** GIVEN DATA follows **

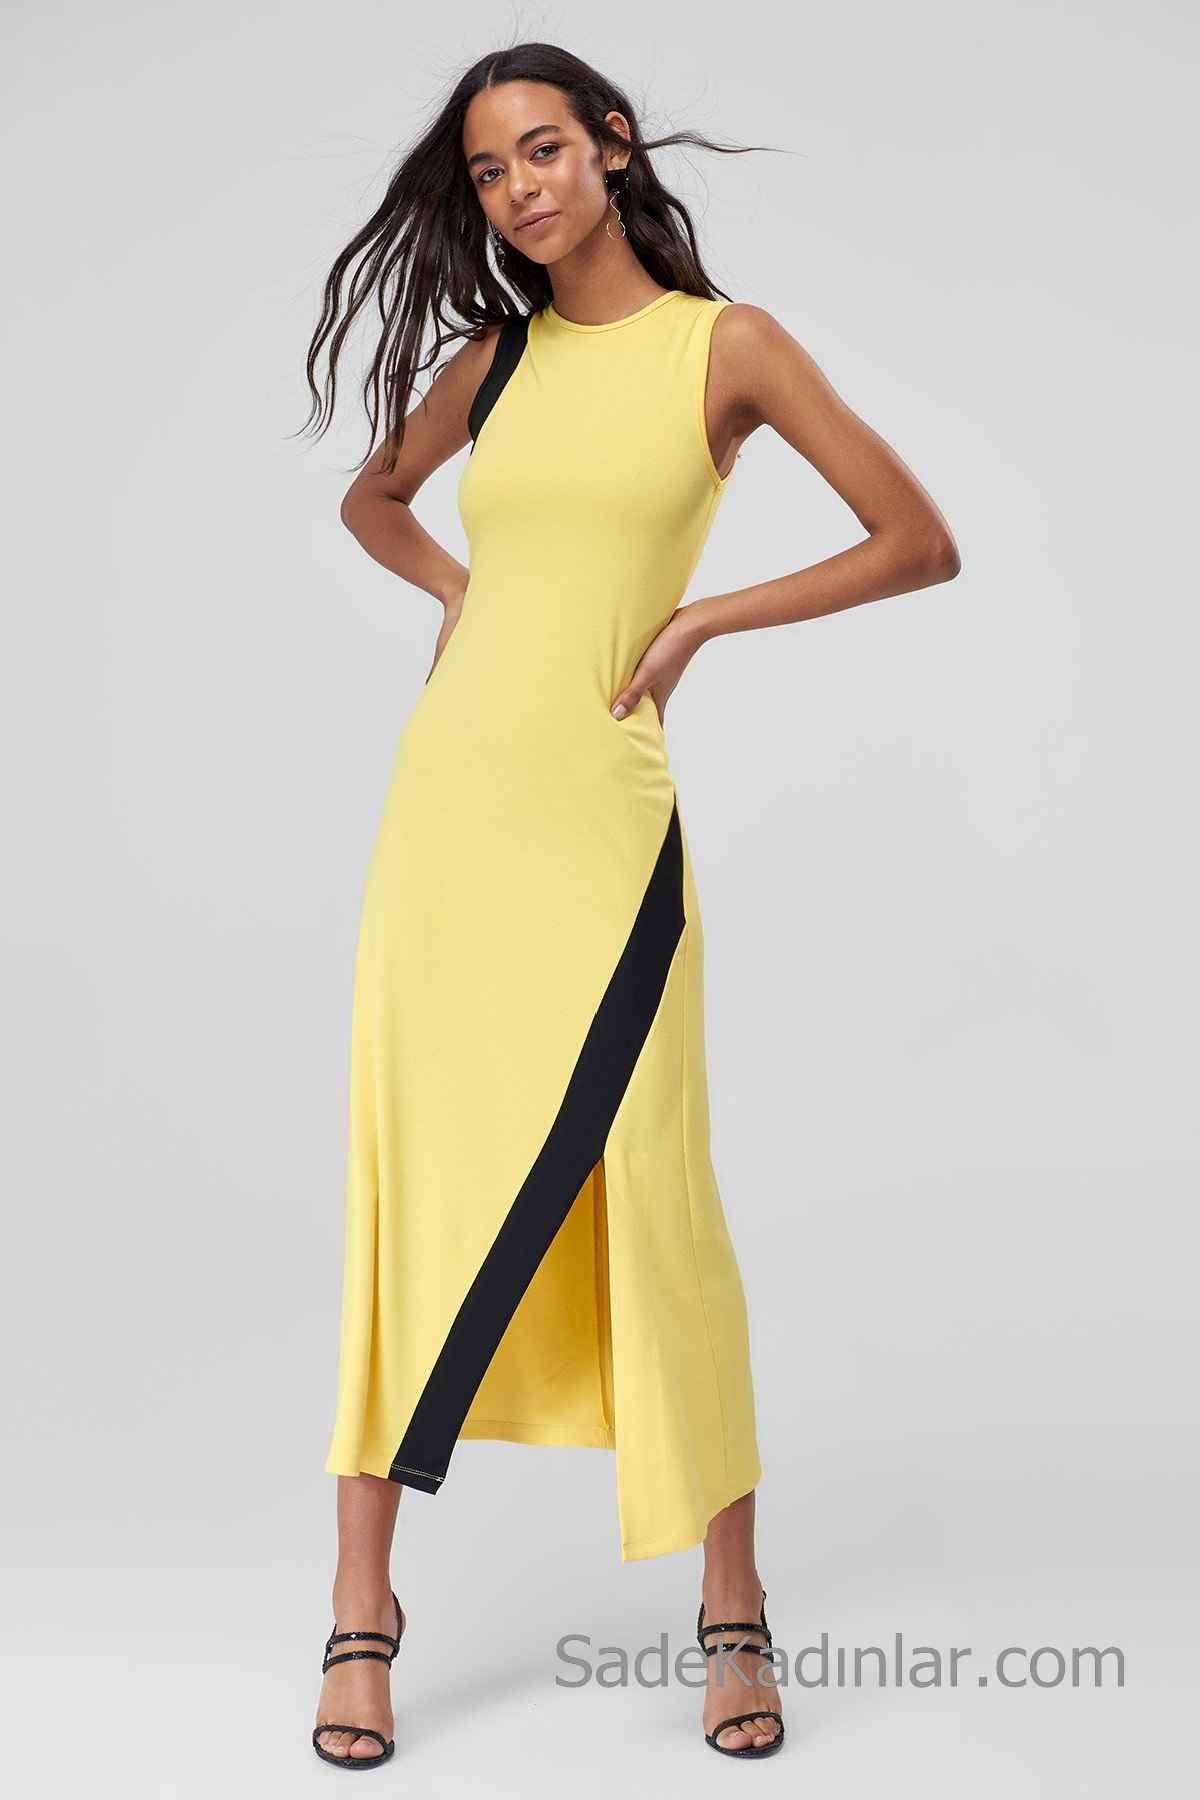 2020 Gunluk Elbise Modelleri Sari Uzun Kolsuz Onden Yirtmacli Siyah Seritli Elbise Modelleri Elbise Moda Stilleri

** End of GIVEN DATA **
** GIVEN DATA follows **

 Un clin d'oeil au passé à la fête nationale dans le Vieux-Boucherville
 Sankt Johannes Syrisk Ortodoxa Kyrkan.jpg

** End of GIVEN DATA **

- **TASK OBJECTIVE**
Lines wanted from the listing above: the line with "Un clin d'oeil" up to and including the line with "Sankt Johannes Syrisk Ortodoxa Kyrkan.jpg". Please write them out exactly, adding nothing else.

- **YOUR SOLUTION**
 Un clin d'oeil au passé à la fête nationale dans le Vieux-Boucherville
 Sankt Johannes Syrisk Ortodoxa Kyrkan.jpg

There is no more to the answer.